Check also to see if you're entitled to rent assistance or the low income supplement through the Department of Human Services.
Understand when paying off debt is more important than saving
Many people believe that saving needs to be their priority but there's no point in applying for a mortgage if you still have debt, especially debts with high interest rates. "Lenders will want to see a savings history over a reasonable period of time, usually at least six months, but it generally makes sense to get rid of expensive unsecured debt, especially credit cards and store card debt first, and then focus on savings," says Peter Boehm, a finance expert and author of The Great Australian Dream: A Guide To Buying Your First Home.
Consolidate your debts into one loan or an interest free credit card, and pay as much of the debt off as you can while the terms last. Switch to another interest free card once it ends, or to a personal loan with a lower interest rate. Make extra repayments if you have any money to spare, to reduce the length of the debt and therefore the amount of interest you'll pay. If you have an offset account you can access the extra funds if you ever need them in an emergency.
Saving for a home will take longer when you have debt but don't completely deprive yourself trying to get ahead or you'll be more likely to binge spend. Natasha Stewart, co-founder of the finance website Mum CFO's, says hard-core saving isn't sustainable. "Emotions play a huge role in saving money," she says. "Allow yourself to enjoy happy treats along the way. It could be the difference between lasting the distance or not."
Try a personal budgeting company
Some families manage to stay up to date with bills and rent payments, but struggle to save. A good budgeting company will be able to figure out a way for all of the family expenses to be covered and allocate some money for savings too. They can also re-calculate your budget if there are any changes, such as when taking parental leave, or when unexpected expenses come in.

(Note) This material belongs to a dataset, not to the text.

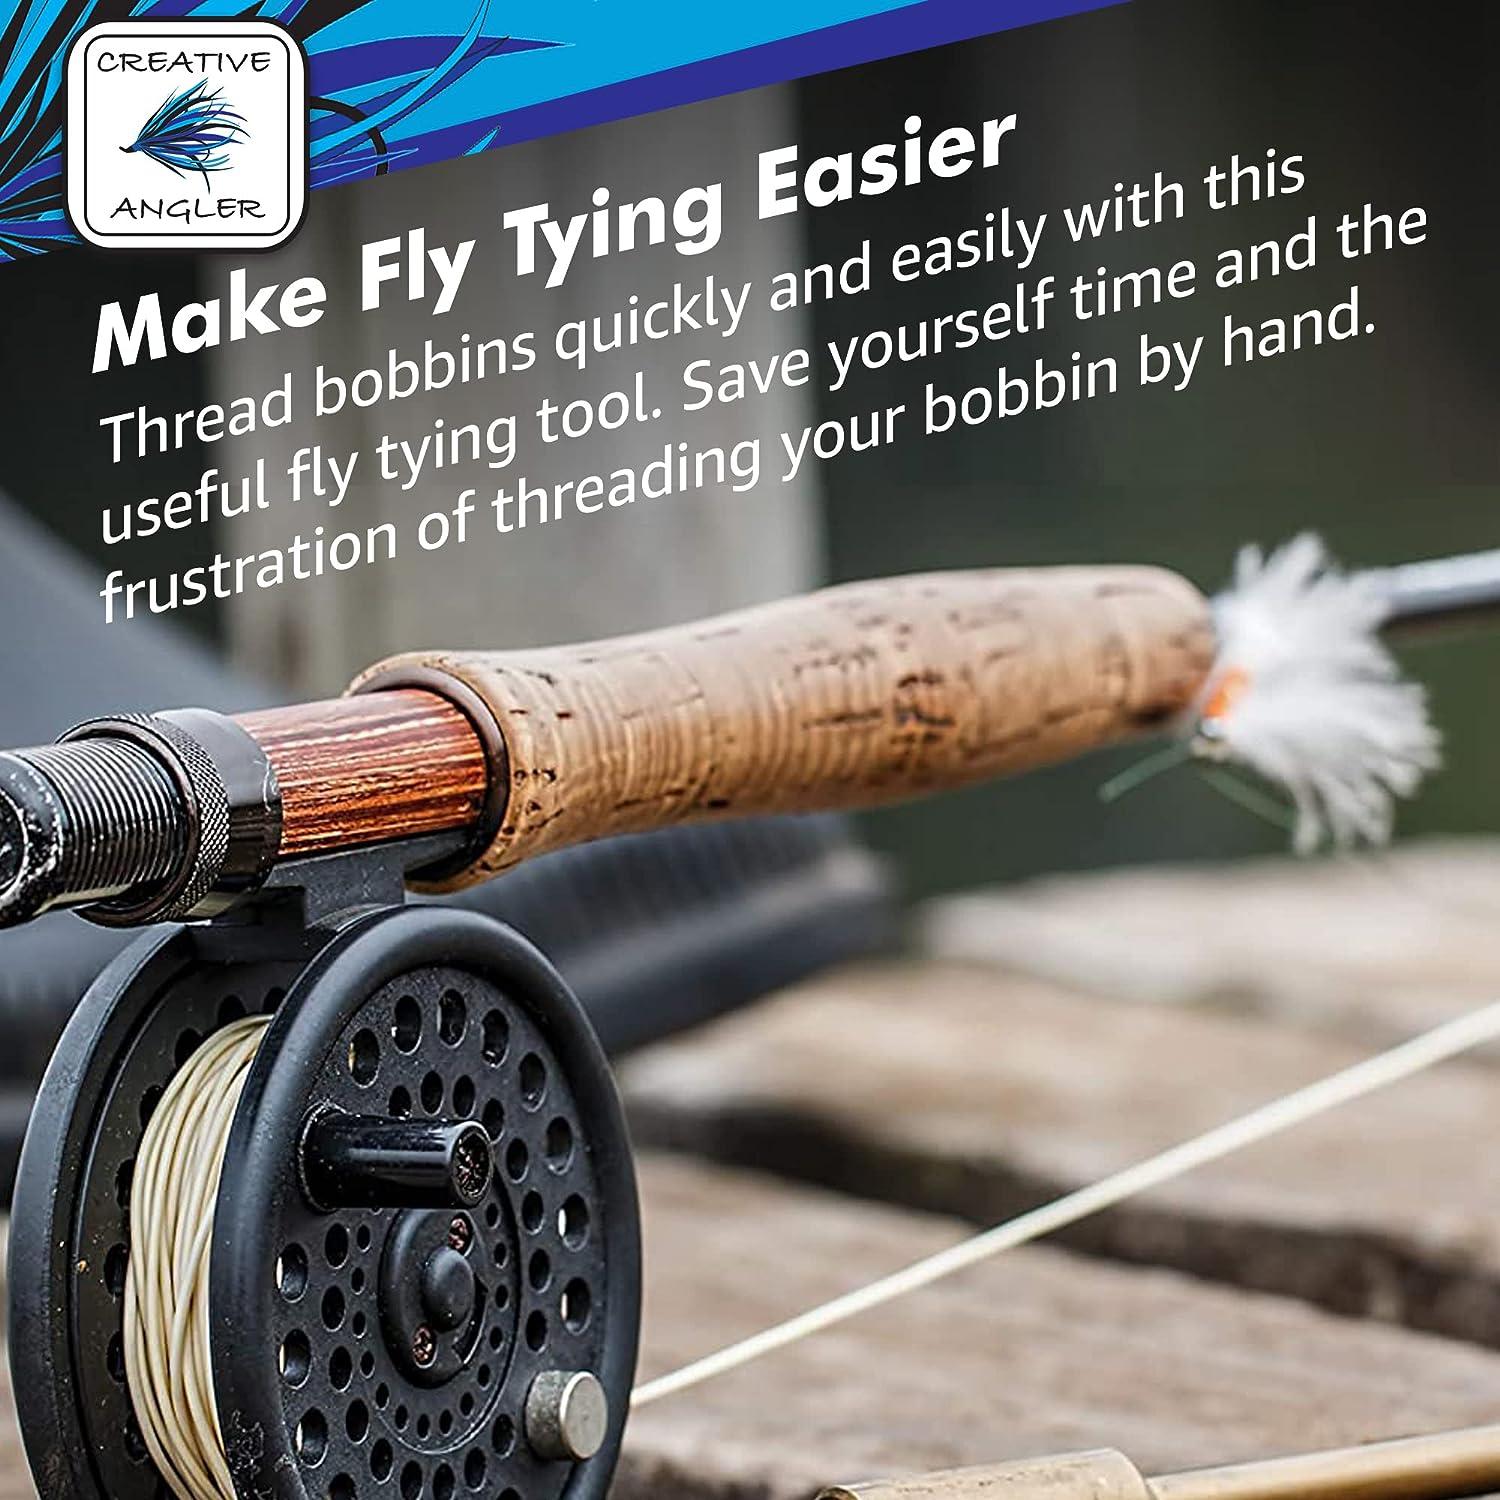 Creative Angler Fly Fishing Tying Bobbin and Wire Threader, Thread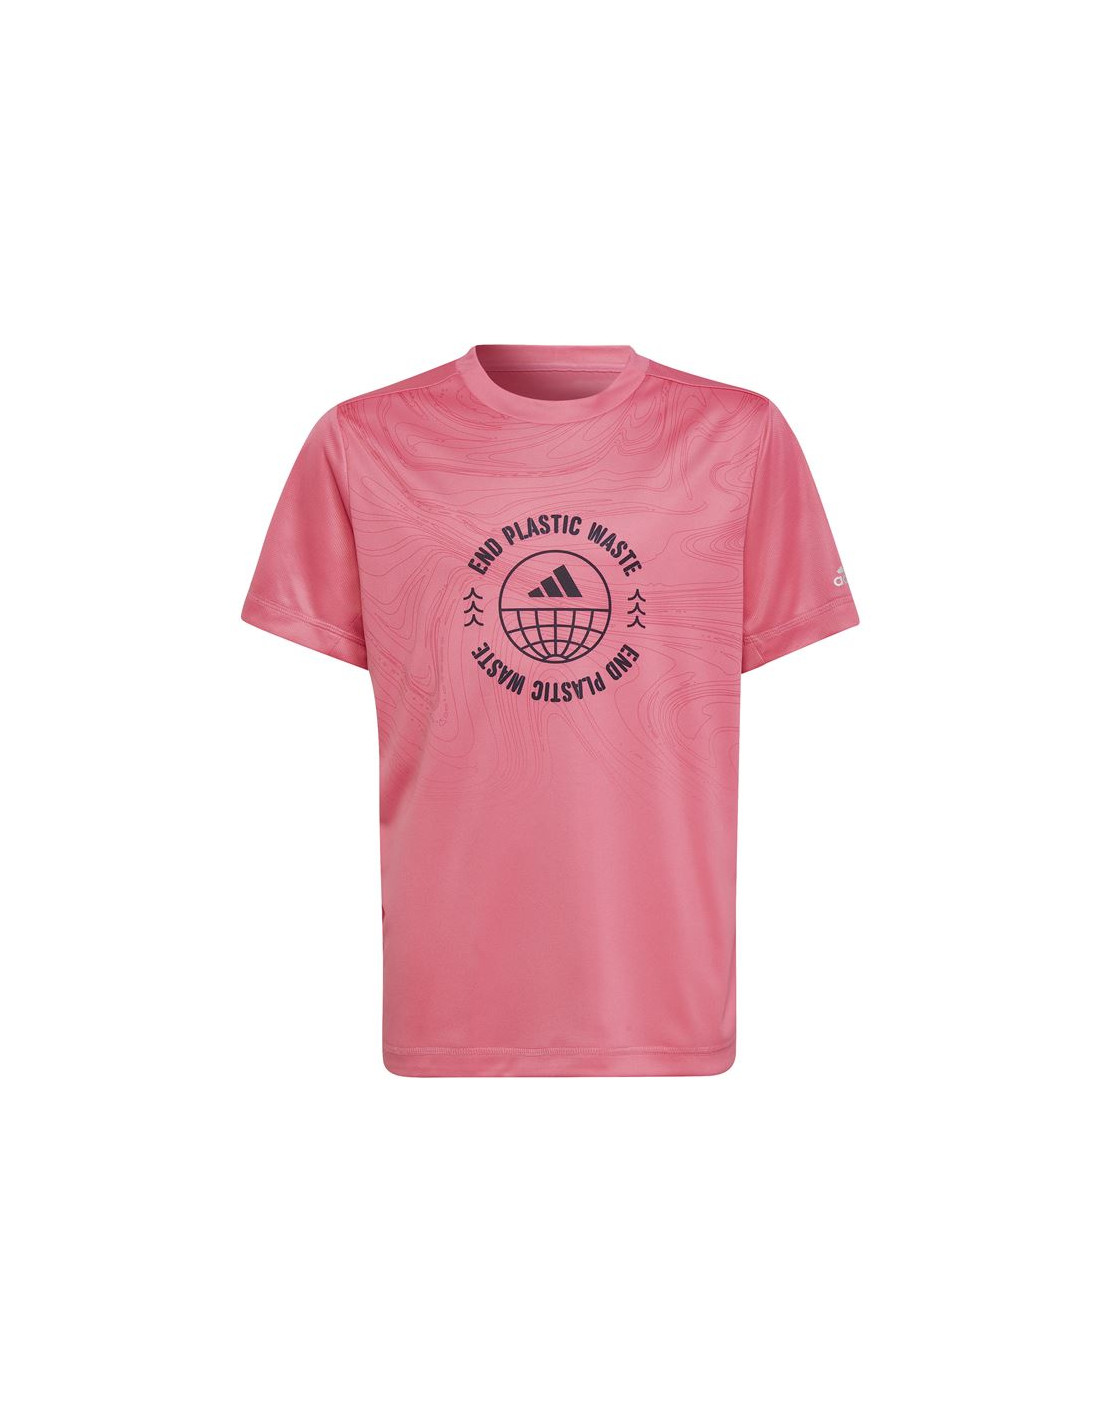 Camiseta de running adidas unitefit infantil pink

Budgeting companies do charge monthly fees but they can be minimal, especially when you consider the fees for late bill payments and how late payments can affect your credit rating. David suggests you should avoid companies that charge an establishment fee, though. "What's the point in being out of pocket before you even start?" he says.
Cull your outgoings
Use comparison services to make sure you're getting the lowest possible rates on utilities and insurance. Bundle services to receive a discount with some providers. See if you can reduce the money you spend on your bills in any other ways. For example, all the new live streaming TV services, such as Netflix, are much cheaper than a Foxtel subscription.
Shop around for a high interest savings account as well. When you're saving large amounts of money you need to make sure you're getting the best possible interest rate.
Save towards an investment, rather than a home
If you're saving for a home in an expensive suburb, it's likely it will take longer to build a deposit. If you're saving to buy an investment such as a unit, in a suburb that is more affordable, while renting in the suburb you want to live instead, you may be able to buy sooner. It does mean you'll be renting for longer but it also means you'll have some equity and still be close to work and your children's schools.
"With interest rates at record lows, we're starting to see lots of potential buyers purchasing an investment property before an owner-occupied property," says Jessica. "Make sure it's located in a suburb that has proven itself to be a strong performer in terms of growth and low vacancy rates."
"There's nothing wrong with renting a property to live in and investing in one to generate income and capital growth," Peter agrees. "Your time horizon should be at least 5 to 7 years for the property to ride out the typical property cycle and enabling you to come out ahead."